Felix Blackwell managed to craft a captivating and unsettling narrative that digs its way under the reader’s skin. Like many of the best horror stories, Stolen Tongues envelops the reader in an atmosphere that conveys a sense of both helplessness and fear. As the characters and their plight become more three-dimensional and fleshed out, the threatening force looming in the shadows becomes more unreal and difficult to comprehend. That alien and unfamiliar threat mingling with the all-too-real lives of the protagonists it imperils propels this story beyond the realm of casual, easily dismissed horror literature.
When Felix and his fiance, Faye, begin their romantic getaway at her parents’ cabin in the Colorado Rockies, there’s no way they could have anticipated the disquieting experience that would greet them. If they’d only known the sinister history of Pale Peak, the cabin that rested there in the dark forests, and the way that past resonated within Faye’s dreams and psychology, they certainly would not have stayed.
What unfolds from there is a feverish and unreal sequence of events that follows the couple from waking life into their dreams, influencing their relationships, and impacting everyone who seeks to help. And as the terror escalates, the reader can’t help but wonder if anyone will walk away without being led into the darkness by the creature speaking with stolen tongues.
Growing up in and near the Black Hills of South Dakota and having spent a good deal of my life in the Rocky Mountains of Montana, Wyoming, Colorado, and Idaho, I feel like Blackwell captured the beauty and isolation of the environment. Just as importantly, he captured the way these mountain forests can play tricks on people unaccustomed to such places.

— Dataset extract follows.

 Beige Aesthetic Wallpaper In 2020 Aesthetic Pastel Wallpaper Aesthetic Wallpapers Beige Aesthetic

As someone who has spent most of his life straddling the outskirts of Indigenous cultures, I appreciated Blackwell’s attempt to avoid exhausted and exhausting tropes while incorporating elements of those cultures in his story. My former step-mother and half-sister are Lakota, my ex-wife, multiple ex-girlfriends, numerous friends, and my teenage daughter as well. This book doesn’t treat the Indigenous characters as overly romanticized token characters, but it does treat them with respect and obvious appreciation for the history of North America before the arrival of European colonizers.

The Breed by Ash Ericmore

The Breed begins with Theo seeking refuge, hoping for nothing more than to use a phone to call his mother, his bike broken down in the rain. When he knocks at the door of Cullis House, his belief that he’s found a refuge is short-lived.

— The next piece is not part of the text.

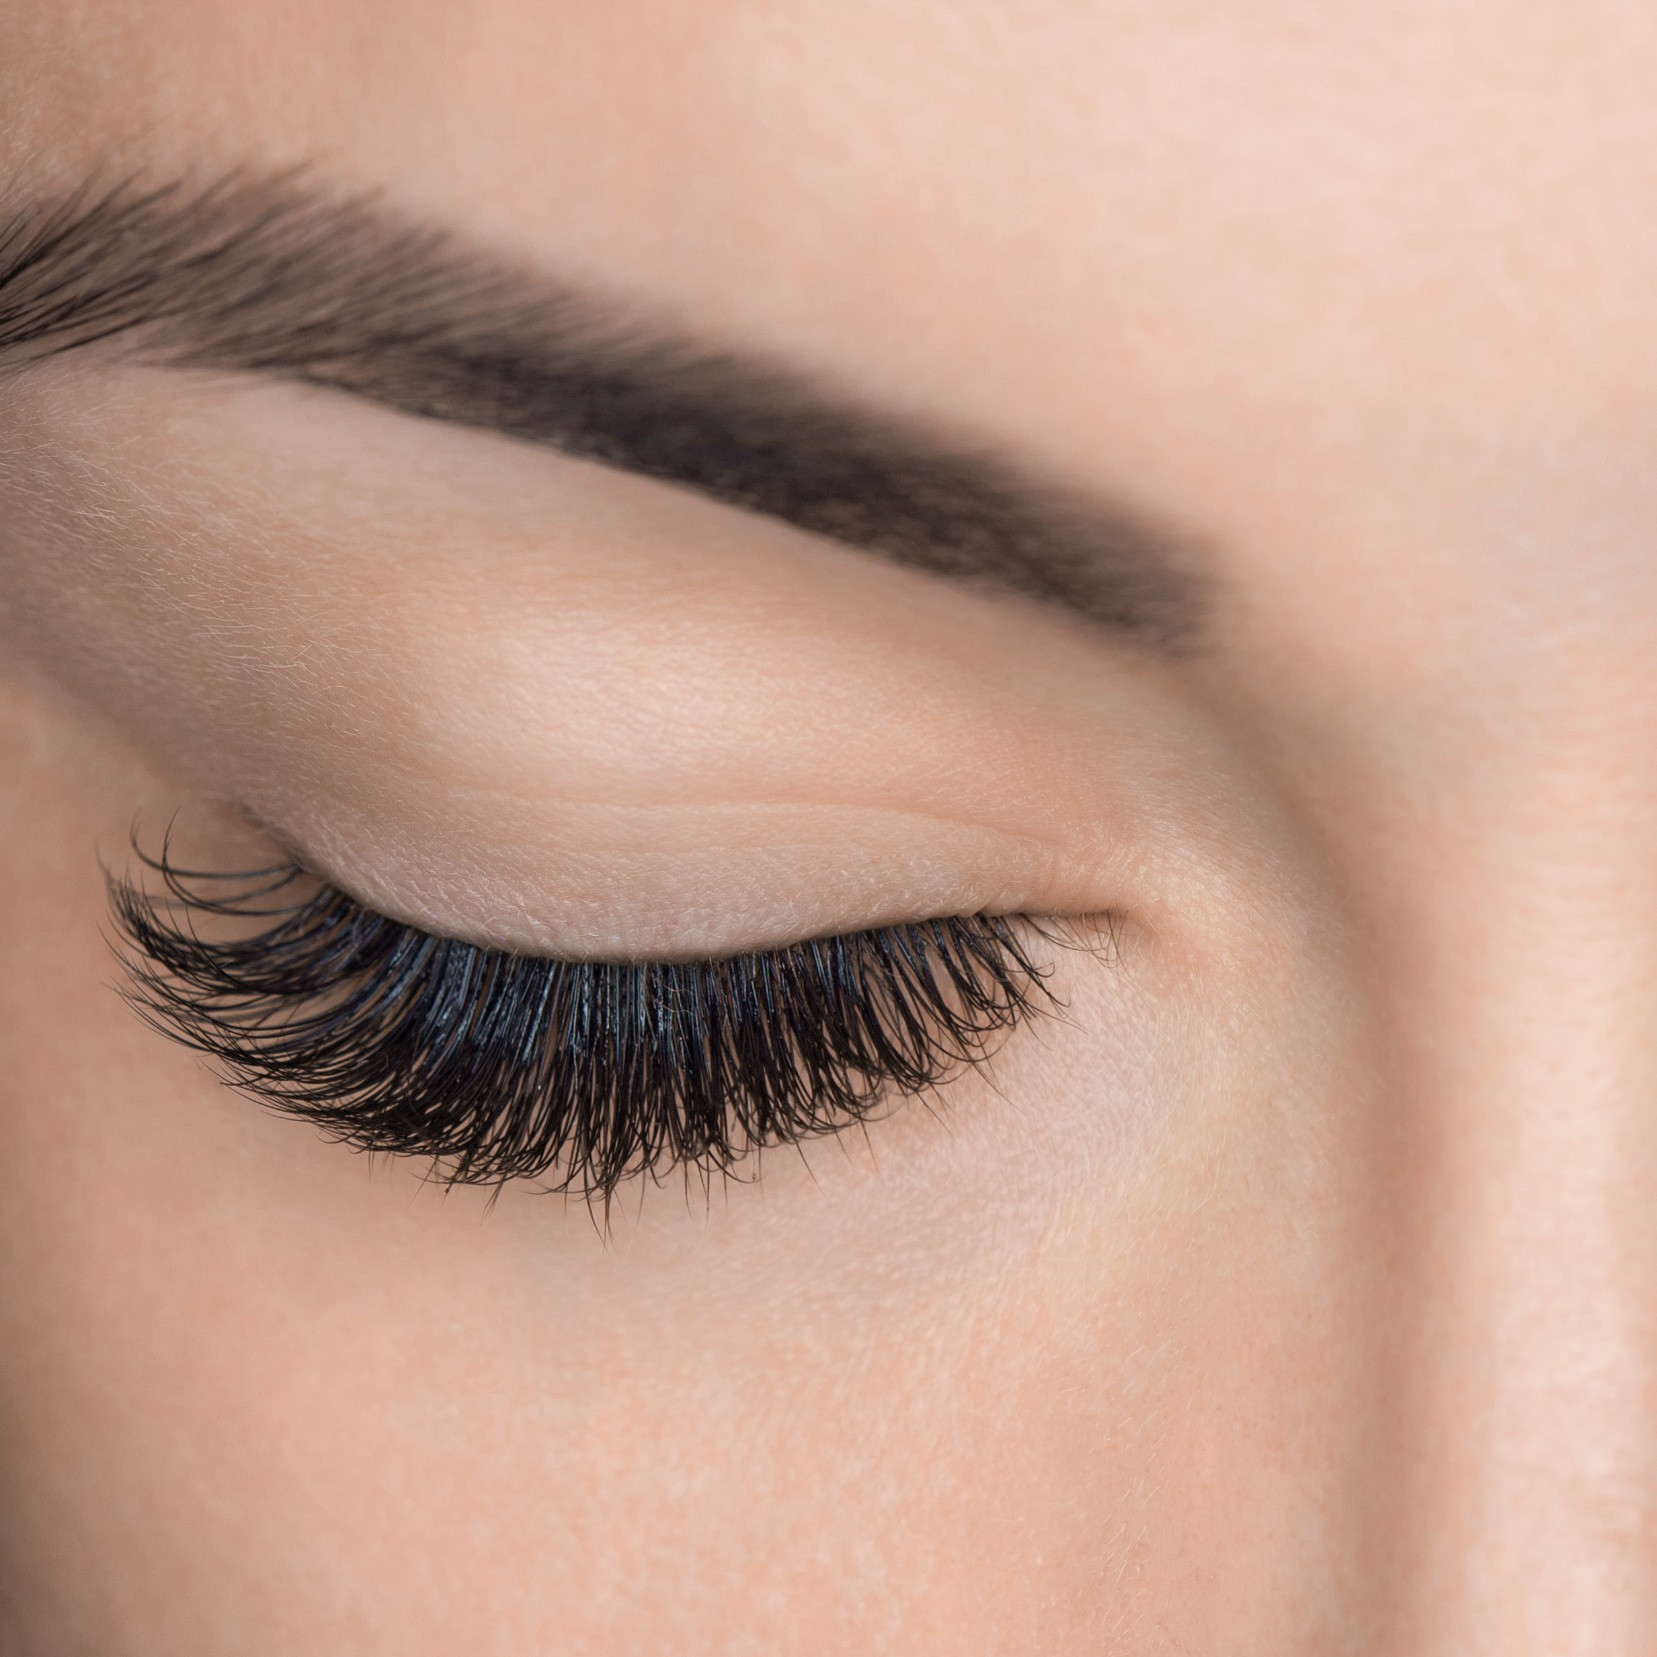 Eyelash Extension Start from $95

Ericmore leaps ahead a matter of decades and we join two friends hoping to stay at Cullis House in the middle of their backpacking trip. Sore feet and the attention of a sleazy guest already in attendance are soon the least of their concerns.
This story could be adapted to serve as a Hellraiser sequel with only minimal alteration required. One needs only think of the house in place of the Lament Configuration. Ericmore crafts a grotesque, sexually-charged nightmare that even Barker would be hard-pressed to deny as a suitable abbatoir for his playthings to explore.